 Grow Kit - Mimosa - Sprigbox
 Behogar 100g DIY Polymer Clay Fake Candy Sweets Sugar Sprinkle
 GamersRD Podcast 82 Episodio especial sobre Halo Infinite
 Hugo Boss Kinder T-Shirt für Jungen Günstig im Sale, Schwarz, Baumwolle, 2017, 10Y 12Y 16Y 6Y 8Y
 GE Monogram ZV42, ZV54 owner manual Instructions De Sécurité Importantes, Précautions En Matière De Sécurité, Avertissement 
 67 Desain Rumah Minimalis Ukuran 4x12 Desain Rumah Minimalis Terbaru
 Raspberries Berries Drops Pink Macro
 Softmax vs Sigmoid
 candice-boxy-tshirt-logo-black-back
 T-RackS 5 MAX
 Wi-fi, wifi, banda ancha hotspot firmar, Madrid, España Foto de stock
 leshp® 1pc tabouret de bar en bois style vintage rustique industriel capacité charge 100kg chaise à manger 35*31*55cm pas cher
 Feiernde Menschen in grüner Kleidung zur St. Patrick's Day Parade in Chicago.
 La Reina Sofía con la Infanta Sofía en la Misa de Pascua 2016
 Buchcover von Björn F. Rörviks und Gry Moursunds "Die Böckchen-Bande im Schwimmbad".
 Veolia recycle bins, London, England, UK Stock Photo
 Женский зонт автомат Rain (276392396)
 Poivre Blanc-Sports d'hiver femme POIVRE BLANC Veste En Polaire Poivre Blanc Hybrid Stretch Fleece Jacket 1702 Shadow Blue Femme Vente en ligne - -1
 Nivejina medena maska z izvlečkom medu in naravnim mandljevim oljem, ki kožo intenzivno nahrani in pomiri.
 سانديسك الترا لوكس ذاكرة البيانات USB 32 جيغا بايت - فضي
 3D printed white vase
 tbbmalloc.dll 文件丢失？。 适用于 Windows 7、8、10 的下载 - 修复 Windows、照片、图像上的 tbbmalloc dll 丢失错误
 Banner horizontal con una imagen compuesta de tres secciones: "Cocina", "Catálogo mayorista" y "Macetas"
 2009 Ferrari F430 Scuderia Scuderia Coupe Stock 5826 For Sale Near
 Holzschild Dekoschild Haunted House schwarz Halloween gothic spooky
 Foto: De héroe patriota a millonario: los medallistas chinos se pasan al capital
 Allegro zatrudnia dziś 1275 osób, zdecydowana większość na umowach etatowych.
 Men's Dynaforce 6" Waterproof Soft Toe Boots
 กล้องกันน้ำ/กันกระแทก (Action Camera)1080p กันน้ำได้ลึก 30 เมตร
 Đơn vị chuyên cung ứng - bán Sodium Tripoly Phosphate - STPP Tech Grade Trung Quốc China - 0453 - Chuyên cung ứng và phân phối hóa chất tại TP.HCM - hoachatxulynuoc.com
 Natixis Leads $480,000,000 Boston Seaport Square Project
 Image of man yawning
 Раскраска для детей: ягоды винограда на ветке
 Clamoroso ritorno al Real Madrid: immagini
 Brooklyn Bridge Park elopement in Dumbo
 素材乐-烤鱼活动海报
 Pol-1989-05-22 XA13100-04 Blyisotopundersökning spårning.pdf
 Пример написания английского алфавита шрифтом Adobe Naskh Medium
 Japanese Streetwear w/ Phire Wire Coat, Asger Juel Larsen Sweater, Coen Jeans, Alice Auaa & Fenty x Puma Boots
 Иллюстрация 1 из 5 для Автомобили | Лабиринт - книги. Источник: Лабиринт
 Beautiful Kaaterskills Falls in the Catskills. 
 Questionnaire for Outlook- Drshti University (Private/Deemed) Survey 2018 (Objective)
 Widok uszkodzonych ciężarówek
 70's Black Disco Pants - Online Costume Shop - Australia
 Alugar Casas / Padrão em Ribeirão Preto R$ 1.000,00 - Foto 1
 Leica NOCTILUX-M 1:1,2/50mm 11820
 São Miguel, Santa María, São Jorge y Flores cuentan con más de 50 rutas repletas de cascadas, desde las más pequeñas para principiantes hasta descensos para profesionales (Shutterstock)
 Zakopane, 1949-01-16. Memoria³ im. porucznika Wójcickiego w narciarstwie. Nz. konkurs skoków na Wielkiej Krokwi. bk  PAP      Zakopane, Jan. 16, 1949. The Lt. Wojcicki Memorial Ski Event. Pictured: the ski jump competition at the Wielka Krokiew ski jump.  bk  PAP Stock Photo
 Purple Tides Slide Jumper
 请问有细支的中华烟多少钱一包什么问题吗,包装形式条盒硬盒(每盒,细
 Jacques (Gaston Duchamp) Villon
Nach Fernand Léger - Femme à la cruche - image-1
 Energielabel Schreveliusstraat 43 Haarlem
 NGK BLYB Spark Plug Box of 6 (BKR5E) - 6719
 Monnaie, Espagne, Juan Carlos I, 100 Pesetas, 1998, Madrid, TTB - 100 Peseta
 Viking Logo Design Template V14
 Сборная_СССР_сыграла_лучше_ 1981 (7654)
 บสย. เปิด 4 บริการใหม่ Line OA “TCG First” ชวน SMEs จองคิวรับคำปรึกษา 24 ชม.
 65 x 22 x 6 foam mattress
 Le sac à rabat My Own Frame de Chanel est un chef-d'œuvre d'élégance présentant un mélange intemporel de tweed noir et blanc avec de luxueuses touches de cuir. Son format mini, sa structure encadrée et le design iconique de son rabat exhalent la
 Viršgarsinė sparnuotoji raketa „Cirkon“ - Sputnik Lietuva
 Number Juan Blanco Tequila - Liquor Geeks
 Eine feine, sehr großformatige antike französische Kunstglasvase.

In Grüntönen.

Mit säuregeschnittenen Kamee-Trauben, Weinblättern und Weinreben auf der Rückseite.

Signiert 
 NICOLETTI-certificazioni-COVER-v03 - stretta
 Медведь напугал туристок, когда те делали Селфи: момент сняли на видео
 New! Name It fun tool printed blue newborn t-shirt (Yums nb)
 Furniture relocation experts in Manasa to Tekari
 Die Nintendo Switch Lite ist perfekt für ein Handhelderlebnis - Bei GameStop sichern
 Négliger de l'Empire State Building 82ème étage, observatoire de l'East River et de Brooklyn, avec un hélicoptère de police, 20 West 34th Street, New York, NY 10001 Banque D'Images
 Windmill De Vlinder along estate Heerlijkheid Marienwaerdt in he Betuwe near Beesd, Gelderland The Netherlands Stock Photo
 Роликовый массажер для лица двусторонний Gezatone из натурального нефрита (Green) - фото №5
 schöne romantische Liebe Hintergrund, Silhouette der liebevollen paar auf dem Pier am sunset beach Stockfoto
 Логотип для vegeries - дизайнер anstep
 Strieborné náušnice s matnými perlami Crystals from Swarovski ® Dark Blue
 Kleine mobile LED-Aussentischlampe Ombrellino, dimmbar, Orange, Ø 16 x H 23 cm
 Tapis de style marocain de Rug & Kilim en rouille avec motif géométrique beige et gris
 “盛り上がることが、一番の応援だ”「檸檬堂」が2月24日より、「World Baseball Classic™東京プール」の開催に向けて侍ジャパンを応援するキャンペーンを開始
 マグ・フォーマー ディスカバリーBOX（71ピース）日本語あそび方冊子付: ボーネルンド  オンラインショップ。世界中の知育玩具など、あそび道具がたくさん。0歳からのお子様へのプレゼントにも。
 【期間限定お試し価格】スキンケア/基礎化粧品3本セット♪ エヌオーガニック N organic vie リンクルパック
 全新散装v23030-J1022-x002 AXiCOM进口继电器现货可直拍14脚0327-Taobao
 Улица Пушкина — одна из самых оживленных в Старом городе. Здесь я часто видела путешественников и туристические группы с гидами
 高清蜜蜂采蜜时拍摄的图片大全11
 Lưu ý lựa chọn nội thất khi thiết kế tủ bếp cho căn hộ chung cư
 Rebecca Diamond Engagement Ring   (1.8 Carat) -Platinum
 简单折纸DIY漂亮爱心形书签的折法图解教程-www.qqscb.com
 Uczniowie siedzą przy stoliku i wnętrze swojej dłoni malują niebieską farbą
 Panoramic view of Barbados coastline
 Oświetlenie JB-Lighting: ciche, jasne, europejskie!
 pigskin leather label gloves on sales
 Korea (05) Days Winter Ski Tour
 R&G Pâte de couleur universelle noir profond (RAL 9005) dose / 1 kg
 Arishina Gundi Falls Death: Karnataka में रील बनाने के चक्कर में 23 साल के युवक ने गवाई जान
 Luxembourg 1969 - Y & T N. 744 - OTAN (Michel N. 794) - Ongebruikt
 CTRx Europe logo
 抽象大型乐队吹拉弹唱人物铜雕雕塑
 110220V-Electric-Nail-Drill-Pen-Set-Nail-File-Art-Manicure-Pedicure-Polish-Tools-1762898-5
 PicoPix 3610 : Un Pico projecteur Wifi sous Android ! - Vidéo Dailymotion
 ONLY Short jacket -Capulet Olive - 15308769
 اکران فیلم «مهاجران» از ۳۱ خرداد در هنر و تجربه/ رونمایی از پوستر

+++

* _Aim of the task_:
An exact copy of the entries from the line containing "pigskin leather label gloves on sales" through the last line is the expected answer.

* _Solved exercise_:
 pigskin leather label gloves on sales
 Korea (05) Days Winter Ski Tour
 R&G Pâte de couleur universelle noir profond (RAL 9005) dose / 1 kg
 Arishina Gundi Falls Death: Karnataka में रील बनाने के चक्कर में 23 साल के युवक ने गवाई जान
 Luxembourg 1969 - Y & T N. 744 - OTAN (Michel N. 794) - Ongebruikt
 CTRx Europe logo
 抽象大型乐队吹拉弹唱人物铜雕雕塑
 110220V-Electric-Nail-Drill-Pen-Set-Nail-File-Art-Manicure-Pedicure-Polish-Tools-1762898-5
 PicoPix 3610 : Un Pico projecteur Wifi sous Android ! - Vidéo Dailymotion
 ONLY Short jacket -Capulet Olive - 15308769
 اکران فیلم «مهاجران» از ۳۱ خرداد در هنر و تجربه/ رونمایی از پوستر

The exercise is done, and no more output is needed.